32. If you could go anywhere right now, where would you go? Umm well I’ve been missing the northeast but this seems like a bad time lol. I’d be down to go camping though, I really need to spend some time in the outdoors. I don’t really care much of where, as long as it’s not too cold (so probably somewhere in a different part of texas)

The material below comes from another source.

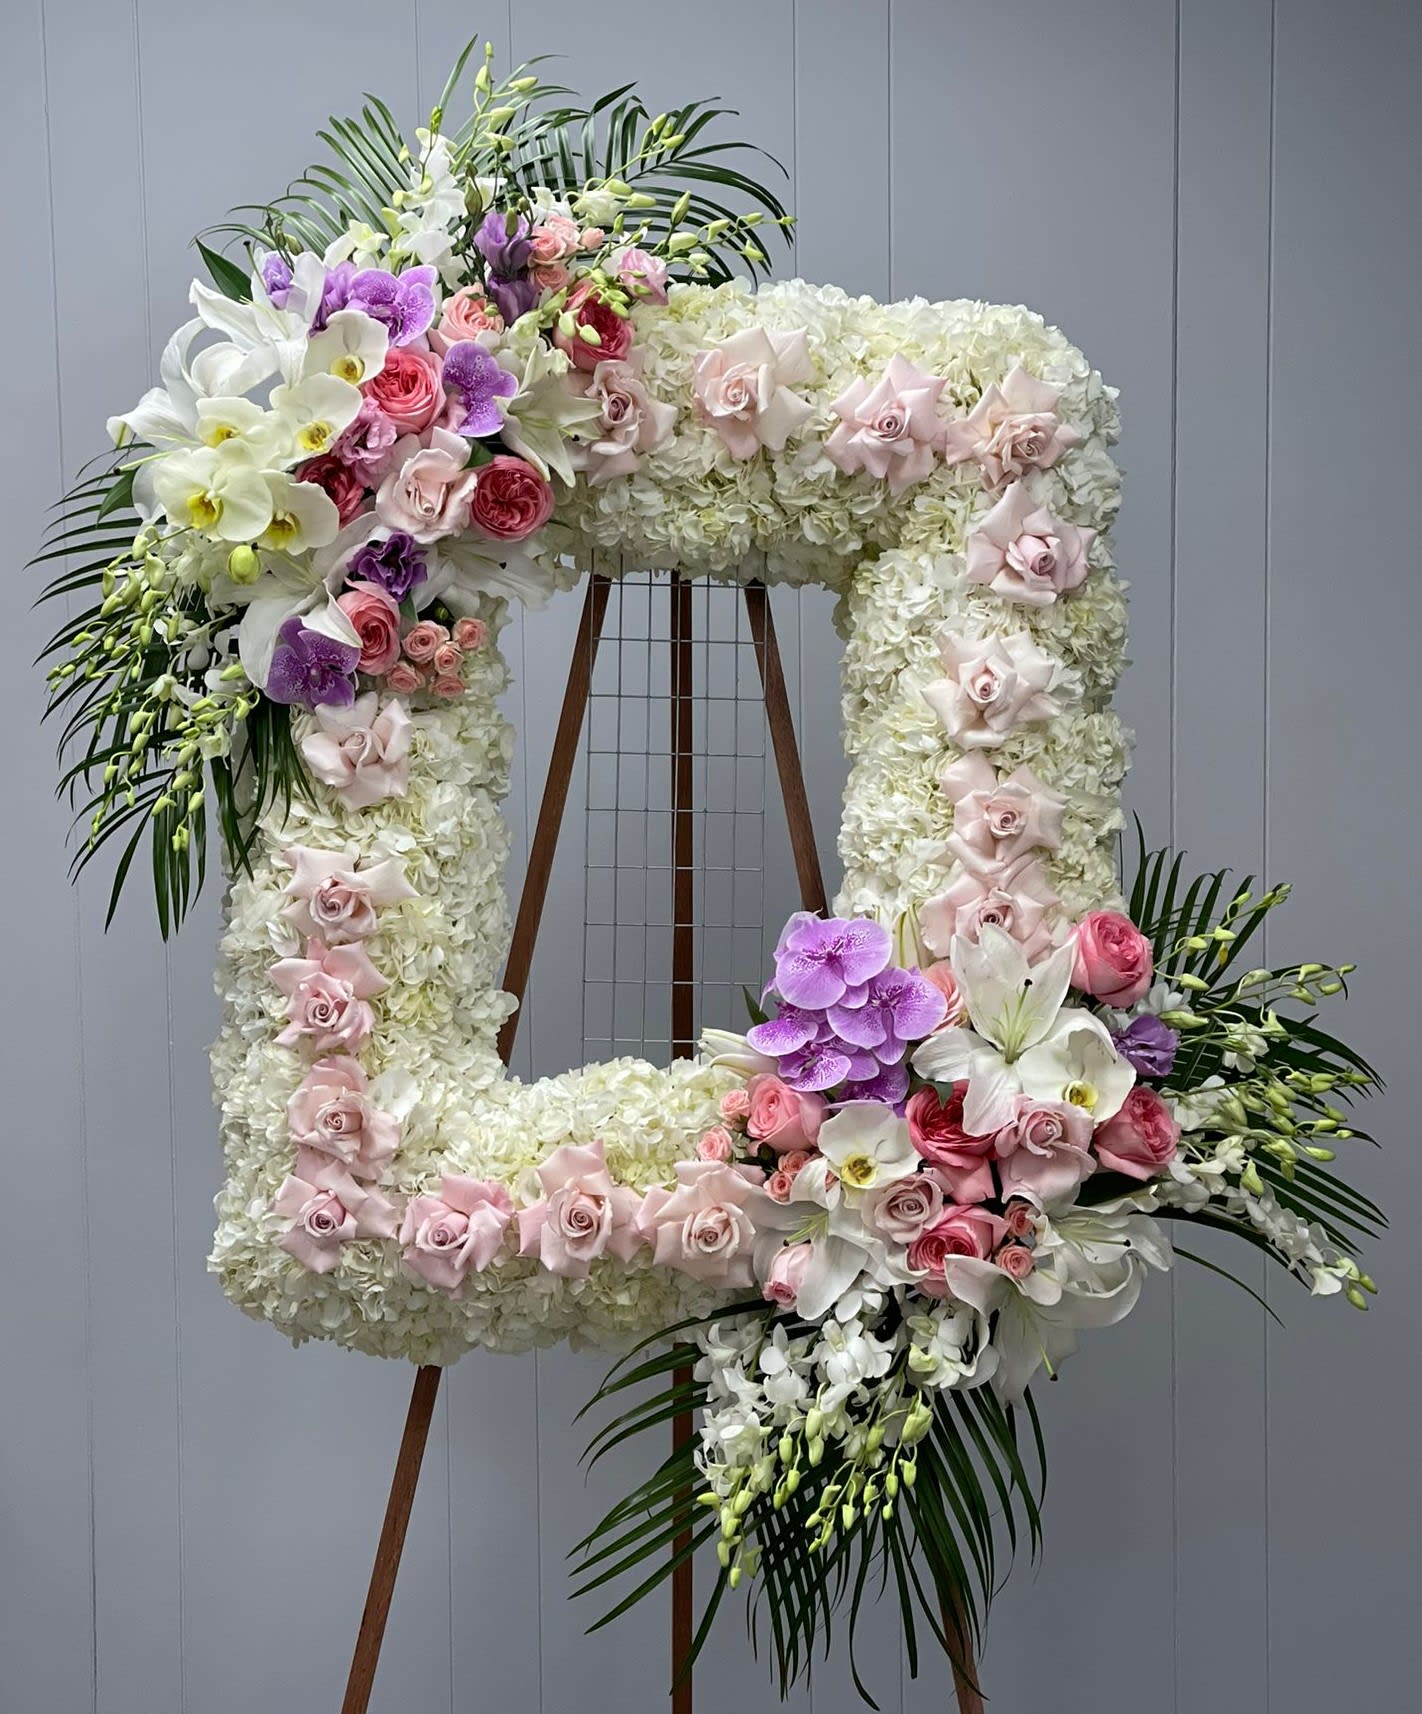 Memorial Frame Spray 1 - This luxurious frame spray is designed by Kenneth Village Flowers as an addition to any memorial service. This arrangement features majestic white hydrangeas that will ease the minds and comfort the souls that are grieving with lilies, orchids and roses to represent the vibrance of their life.

33. Do you sleep with your door open or closed? Room door closed (bc I live in a shared house) , closet door can be either
34. What’s your favorite flower? Idk? I really just like flowers in general, but I do really like irises and lotuses
35. Do you currently have a squish? I’m nursing like 4 separate crushes all of various intensities and stages of progression and it’s killing me rn :(
36. Do you like your middle name? it’s alright. I haven’t a known a lot of Brian’s I like (my uncle and my ex’s dad come to mind) but my dad gave it to me out of respect to his older brother, which I respect (despite my uncle’s issues, I care for him a lot and he’s been one of my closest uncles), and it doesn’t really ever come up anyway
37. Do you prefer dogs or cats? Cats!
38. Do you have any phobias? I don’t think I have any fears or anxieties intense enough to really be phobias, so I guess let’s just say no!
39. Do you stay up late? Frequently! my body has always been wired to run pretty late (even as a kid I was most comfortable going to bed after 10) and these days I usually get to bed between 11p-2a
43. Do you have siblings? How many? I have four older siblings! (I’m the youngest) 3 older sisters and my brother who’s the oldestThank you so much!!!